* Assigned task *
Restate the listing that follows word for word, without its pictures.

* Data provided *

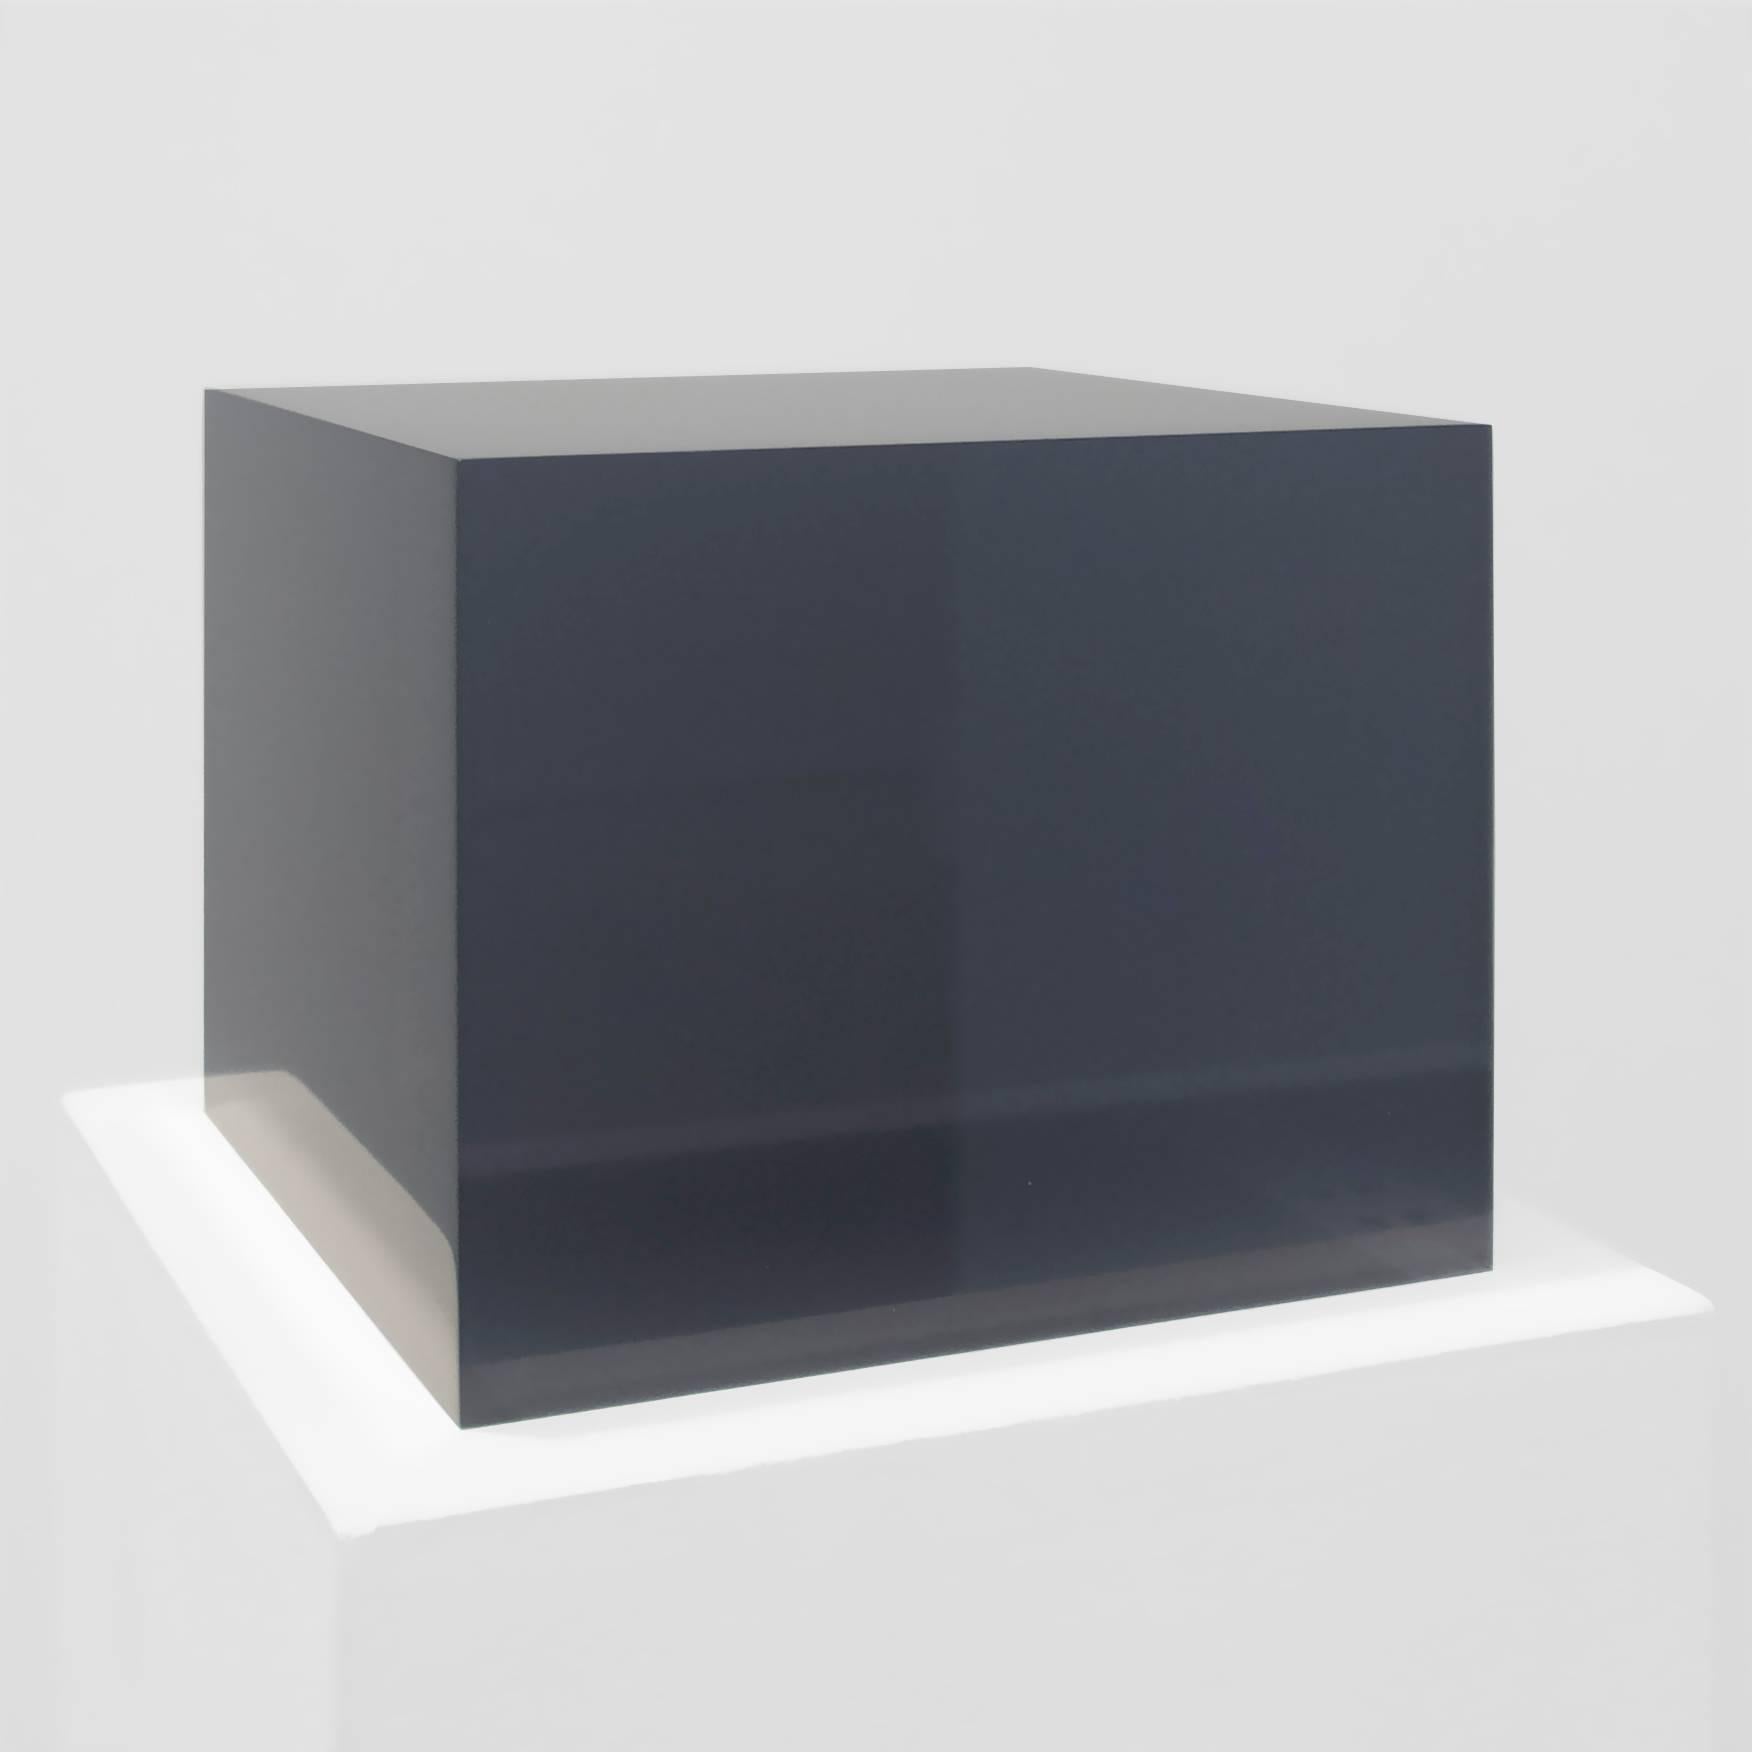 Peter Alexander Abstract Sculpture - 5/13/16 (Grey Box)
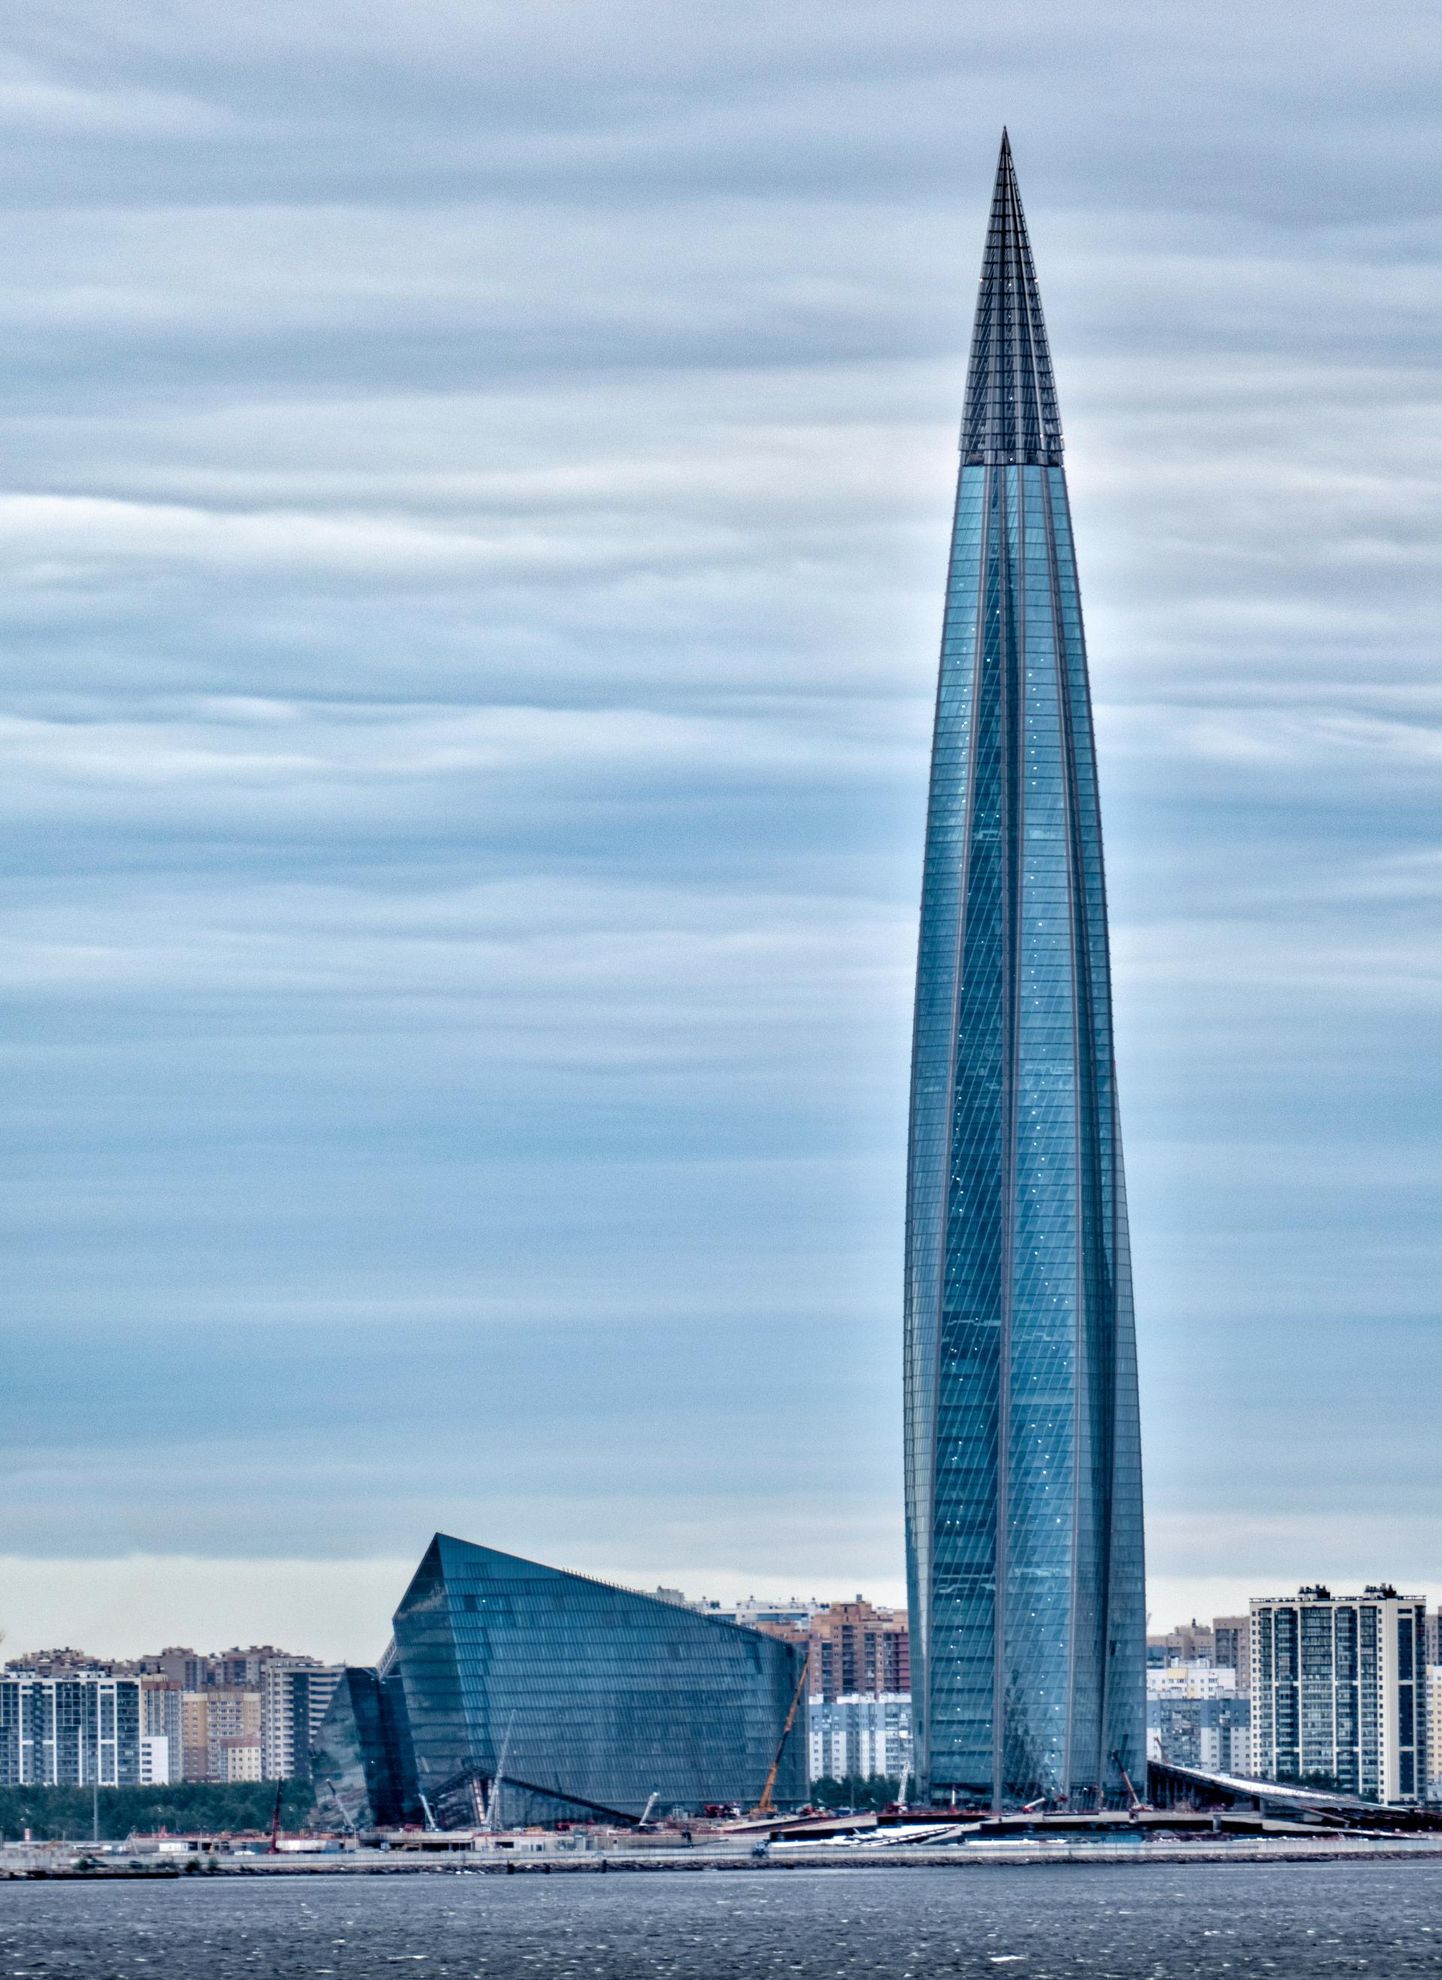 «Лахта центр» – общественно-деловой комплекс в Петербурге. Высота 87-этажного небоскреба составляет 462 м. «Лахта центр» является самым высоким зданием Европы.
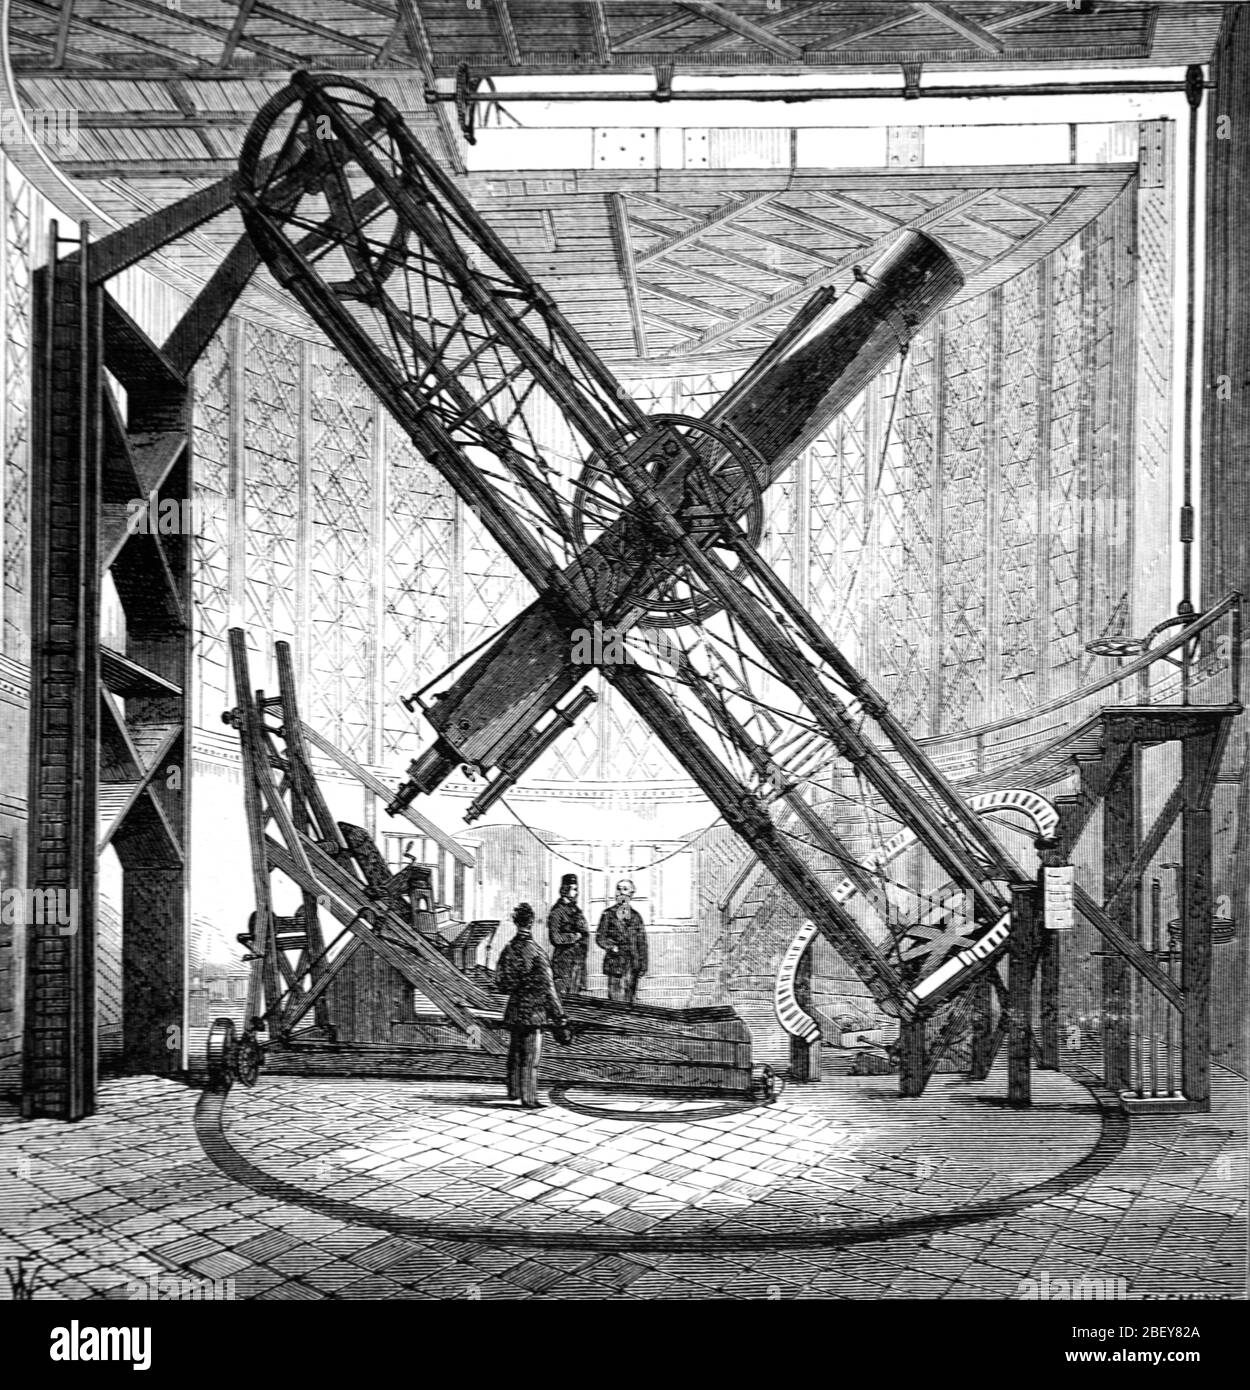 Sheepshanks Äquatorialteleskop am Royal Greenwich Observatory Greenwich London England Großbritannien. Vintage oder Alte Illustration oder Gravur 1888 Stockfoto

* Answer to the exercise *
 Peter Alexander Abstract Sculpture - 5/13/16 (Grey Box)
 «Лахта центр» – общественно-деловой комплекс в Петербурге. Высота 87-этажного небоскреба составляет 462 м. «Лахта центр» является самым высоким зданием Европы.
 Sheepshanks Äquatorialteleskop am Royal Greenwich Observatory Greenwich London England Großbritannien. Vintage oder Alte Illustration oder Gravur 1888 Stockfoto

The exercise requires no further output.